Fine-scale genetic structure and its consequence in breeding aggregations of a passerine bird

• Published in: Molecular ecology Vol. 18; no. 12; pp. 2728 - 2739
• Main Authors: Lee, Jin-Won, Jang, Byoung-Soon, Dawson, Deborah A, Burke, Terry, Hatchwell, Ben J
• Format: Journal Article
• Language: English
• Published: Oxford, UK Oxford, UK : Blackwell Publishing Ltd 01.06.2009; Blackwell Publishing Ltd
• Subjects: Animal populations; Animal reproduction; Animals; Aves; Birds; Female; fine-scale genetic structure; Gene Frequency; Genetics, Population; Male; nest distribution; Nesting Behavior; Paradoxornis webbianus; Passeriformes - genetics; passerine; Population genetics; recruitment; Reproduction - genetics; Seasons; Sequence Analysis, DNA; Sexual Behavior, Animal; vinous-throated parrotbill
• ISSN: 0962-1083; 1365-294X
• DOI: 10.1111/j.1365-294X.2009.04228.x

The pattern of fine-scale genetic structure in a population may reflect current biological processes of the species, such as natal dispersal, the breeding system and demography. We investigated the spatial distribution of nests and fine-scale genetic structure during two breeding seasons in a population of a weakly territorial, flock-living passerine bird, the vinous-throated parrotbill, Paradoxornis webbianus. Nest distribution was clustered. There were two peaks of egg laying within each breeding season, and spatial clustering of nests was more extreme during the second peak after controlling for breeding density. The patterns of genetic structure during the breeding season varied with parental sex and season.

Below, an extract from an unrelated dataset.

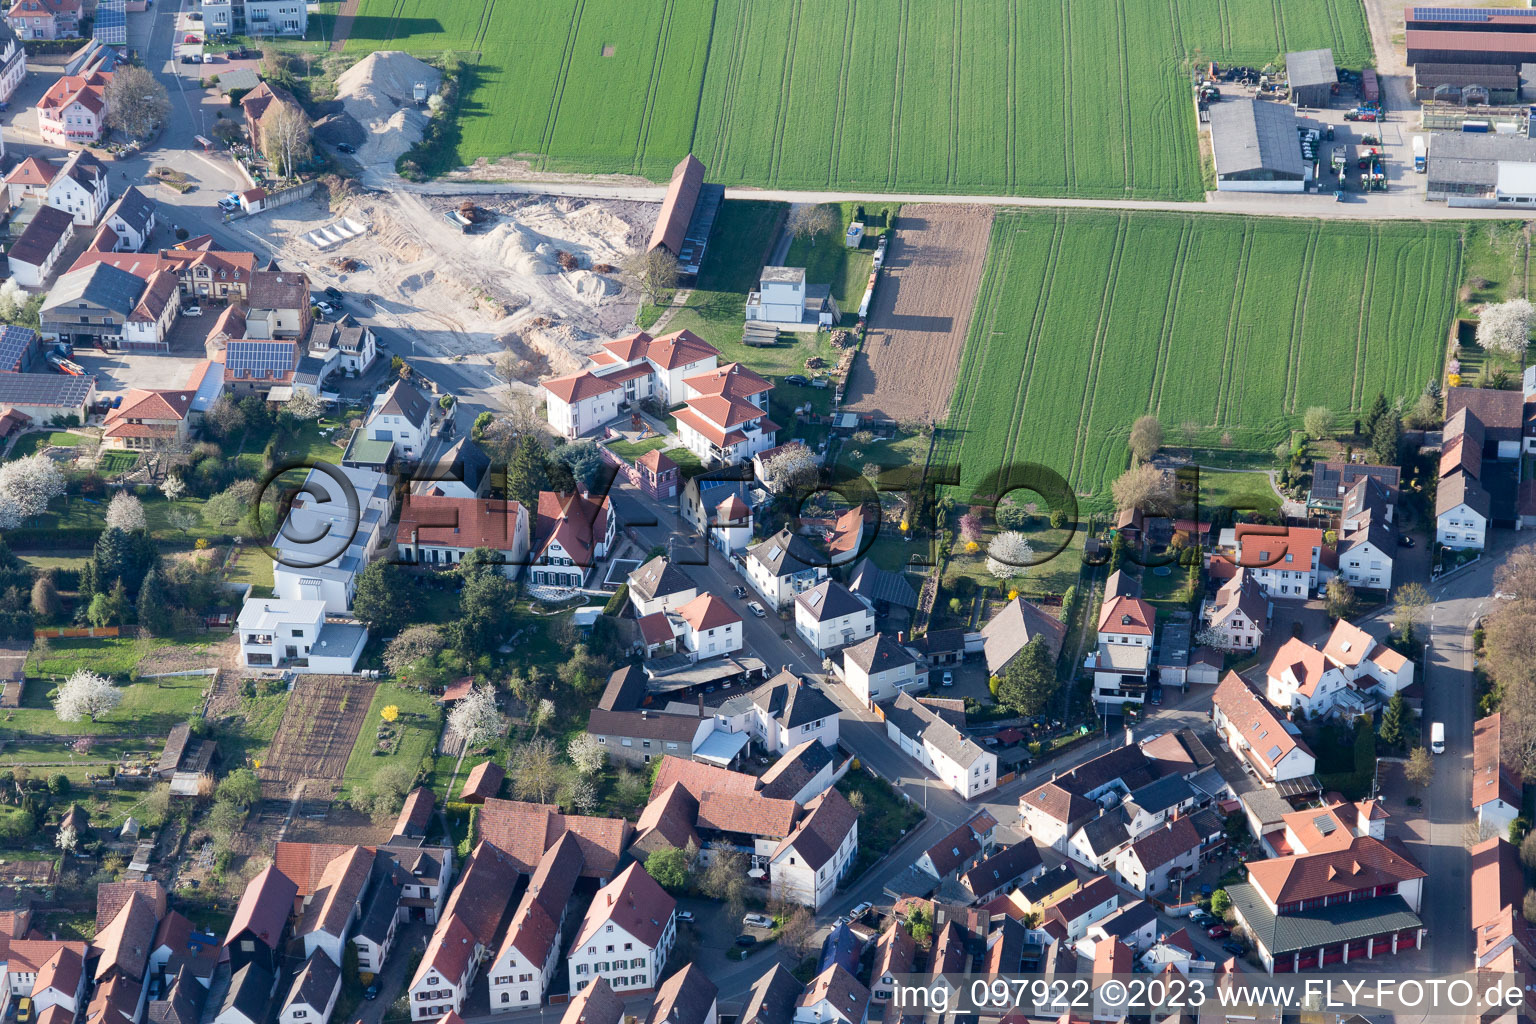 District Herxheim in Herxheim bei Landau/Pfalz in the state Rhineland-Palatinate, Germany from above
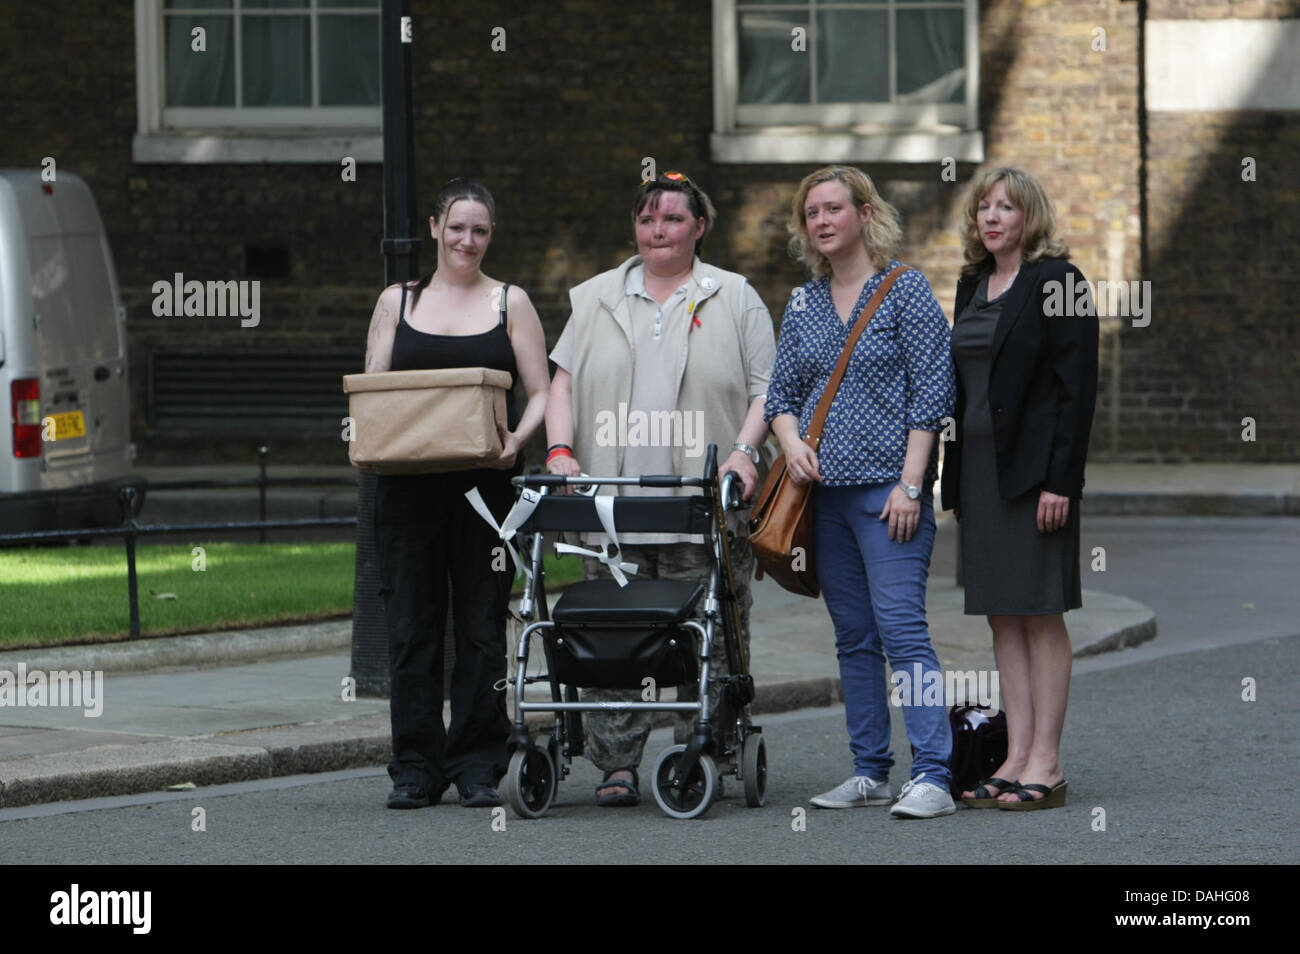 London, UK. 13. Juli 2013. Links nach rechts: Jessica Mccarnun, Paula Peters, ein Reporter und Theresa Cole in der Downing Street, die hand in der Petition an die Schlafzimmer Steuer abzuschaffen. London, UK, 13. Juli 2013 Credit: Martyn Wheatley/Alamy Live News Stockfoto

Genetic structure occurred during the second laying peak: males breeding within 200 m of one another at this time were significantly more closely related than males breeding farther apart. However, no apparent genetic structure was detected in males during the first laying peak or among females in either laying peak. These results reveal male-oriented kin affiliation during part of the breeding season in this species. Furthermore, juvenile recruitment into the winter flocks was positively related to this increased relatedness among males via kin affiliation. This study implies that fine-scale genetic structure during the breeding season could be a factor determining individual fitness and may play an important role in our understanding of the evolution of social systems.